Quantum Latent Diffusion Models

TL;DR

This paper introduces a quantum latent diffusion model that integrates quantum circuits into the latent space of generative models, showing improved image quality and feature extraction over classical models, especially in limited data scenarios.

Contribution

It presents the first quantum latent diffusion model leveraging variational circuits, demonstrating advantages over classical models in image generation and few-shot learning.

Findings

Quantum models outperform classical in image quality metrics.

Quantum models excel in few-shot learning scenarios.

Quantum advantage persists with fewer training data.

Abstract

The introduction of quantum concepts is increasingly making its way into generative machine learning models. However, while there are various implementations of quantum Generative Adversarial Networks, the integration of quantum elements into diffusion models remains an open and challenging task. In this work, we propose a potential version of a quantum diffusion model that leverages the established idea of classical latent diffusion models.
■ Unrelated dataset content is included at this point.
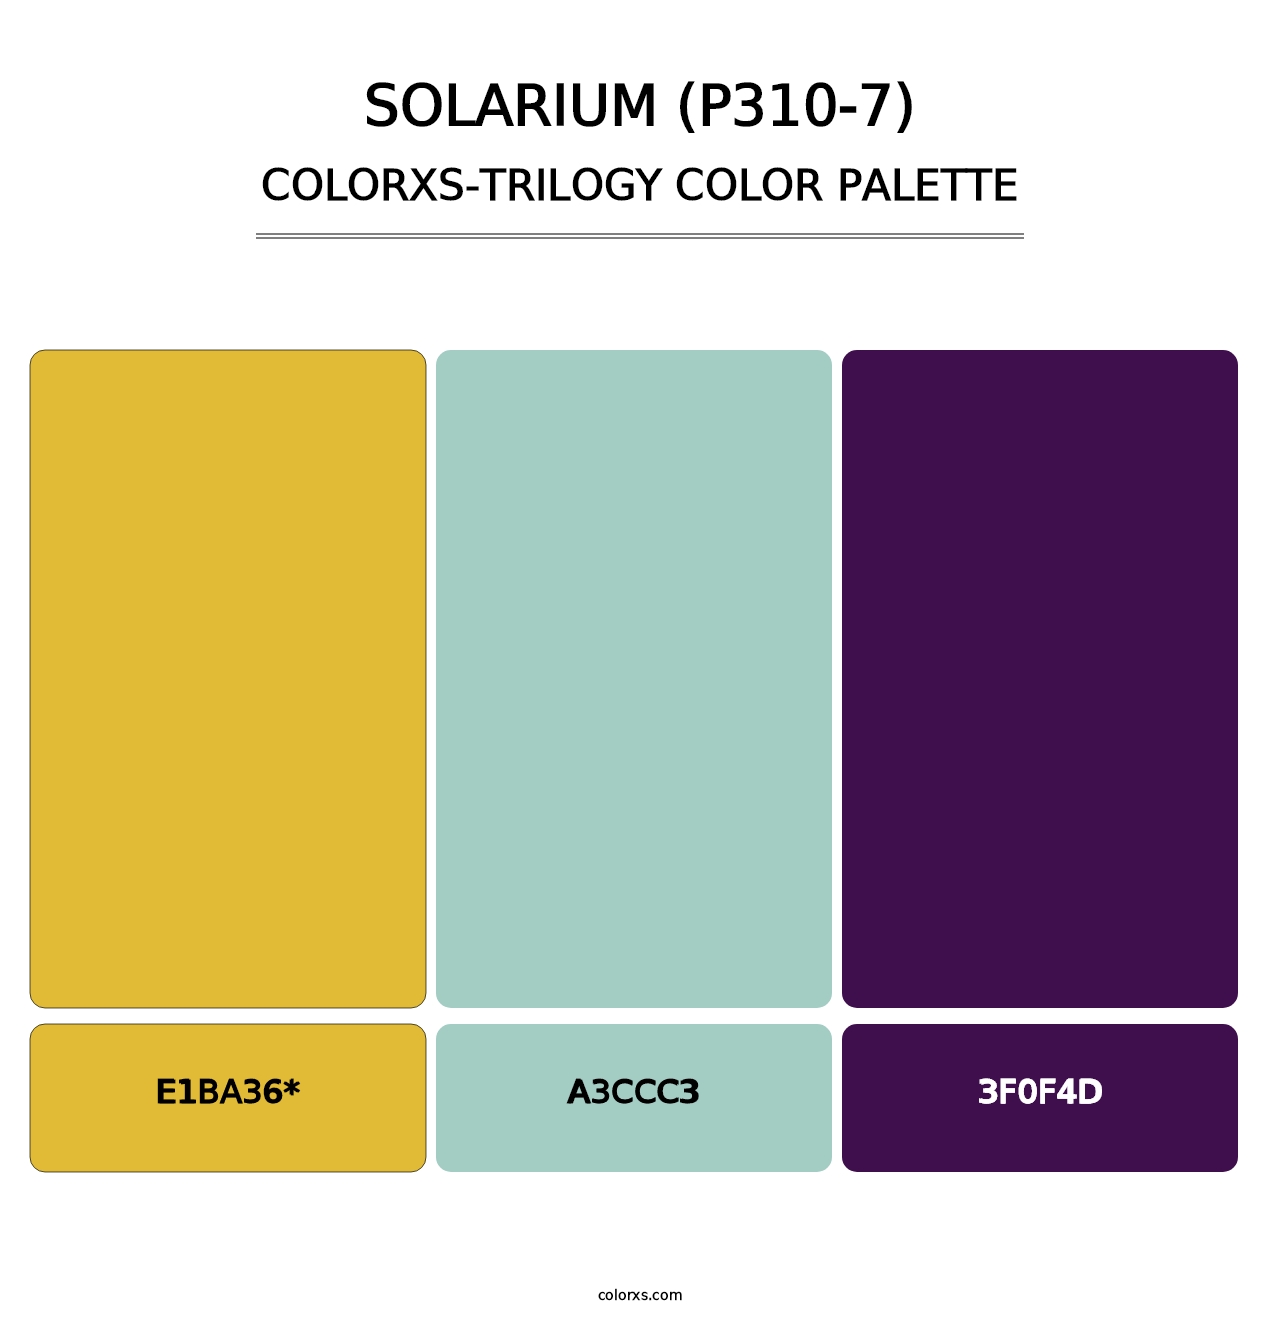 Solarium (P310-7) - Colorxs Trilogy Palette

This involves using a traditional autoencoder to reduce images, followed by operations with variational circuits in the latent space. To effectively assess the benefits brought by quantum computing, the images generated by the quantum latent diffusion model have been compared to those generated by a classical model with a similar number of parameters, evaluated in terms of quantitative metrics. The results demonstrate an advantage in using a quantum version, as evidenced by obtaining better metrics for the images generated by the quantum version compared to those obtained by the classical version. Furthermore, quantum models continue to outperform even when considering small percentages of the dataset for training, demonstrating the quantum's ability to extract features more effectively even in a few shot learning scenario.